Modularity and Unit Testing

One major issue in writing scientific software is, that you have to assure that your calculations are correct. With increasing length and complexity of the algorithm, this becomes more and more difficult. The standard software development approach is to separate the program into small independent parts, that can be tested on their own.
The first version of my software was more or less divided into separate units, but without clear interfaces. So the units were quite entangled, which made testing nearly impossible. Refactoring was inevitable. Instead of generating one object and accessing the data at will, now a dictionary containing the data is passed from method to method (making this the “clear” interface). For each method a test case is implemented using pytest. This brought me a huge step forward in terms of reliability of the software.

Layers

Connected to the modularity topic is a layered design. This means that different levels of abstraction and processing steps are separated. For spectra mole this means, that data loading is separated from the processing and all auxiliary data is provided by separate modules.  All post processing (mostly long term statistics) is done after a defined interface, which is in my case an output file.
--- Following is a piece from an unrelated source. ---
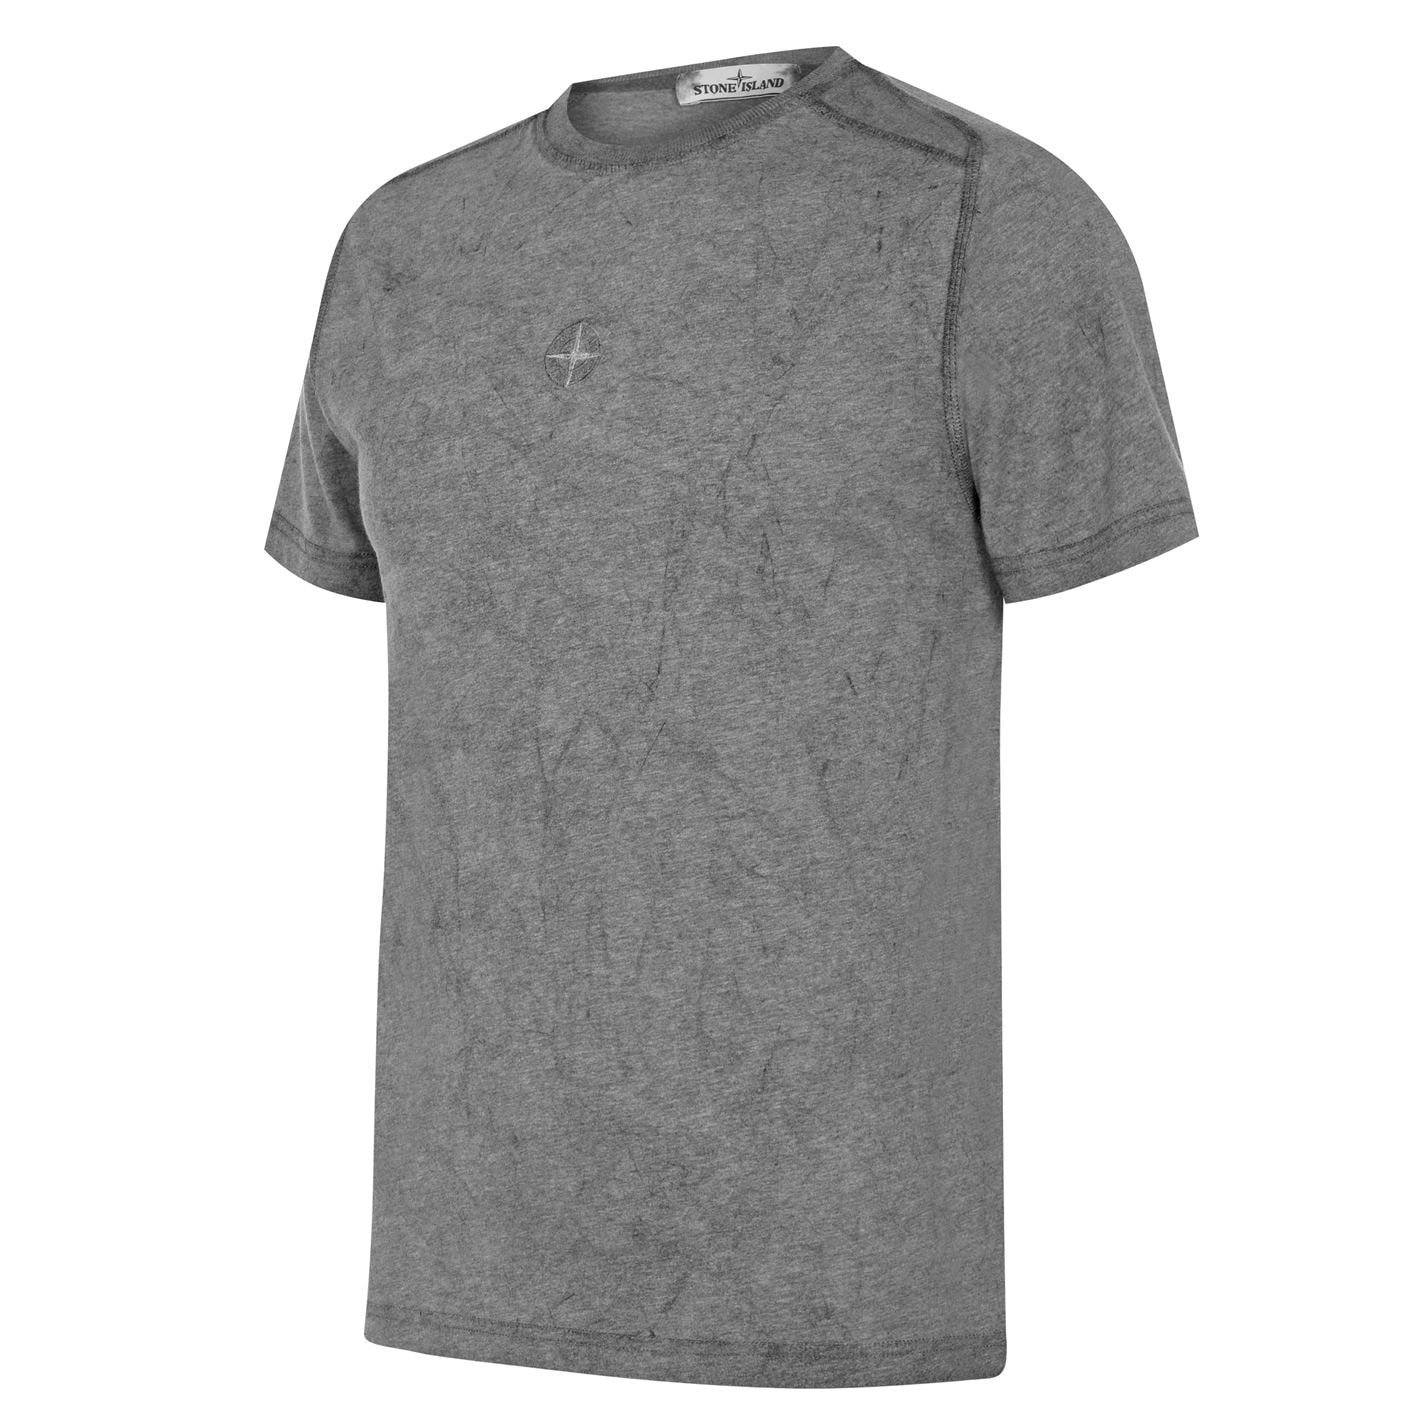 Stone Island Grey Dust T-Shirt T-Shirt Stone Island

Version Control/Source Code Management

Its a good idea to keep track of your source code history. The de-facto standard tool for that is git (besides maybe mercurial). One advantage is, that there are a bunch of tutorials and additional tools available. To name a few: github, bitbucket,GitKraken, etc.
Using version control, was a decision I made quite early, and it was a good one.

Visualization

Fast and easy plotting of the data can be quite helpful during development. The plotting routine is always a trade-off between flexibility, usability and quality (respectively beauty). The one tool for all purposes is hard to achieve.

Tracking

The general workflow is to write a chunk of analysis software, run it on some data and look at this data. If any quirks or points for improvement are found, they are implemented and the cycle starts again. Within this process it is necessary to track which version of the software was used on what data. This includes the settings used for each run. Such settings can be for example smoothing lengths, methods used, etc. Ideally they are saved in a machine readable text file using a markup language like json, toml or yaml.

For the software a source code management tool (see above) does this job quite well. But you should consider putting the text-files containing settings under version control, too. For the data itself i have found no solution, that works for me. Maybe saving the commit identifier of the used software version…

This leads to another point: the automation of the whole process.

Automation

Full tacking is possible, when the whole data modification/evaluation chain is automatized. This means, that all parameters and settings are stored in config files and all subroutines are called from one script. Even a simple shell script is enough. Of course this script and the config files should be version controlled.

When it becomes necessary, reprocessing can be done by going back to the old commit and running the script again.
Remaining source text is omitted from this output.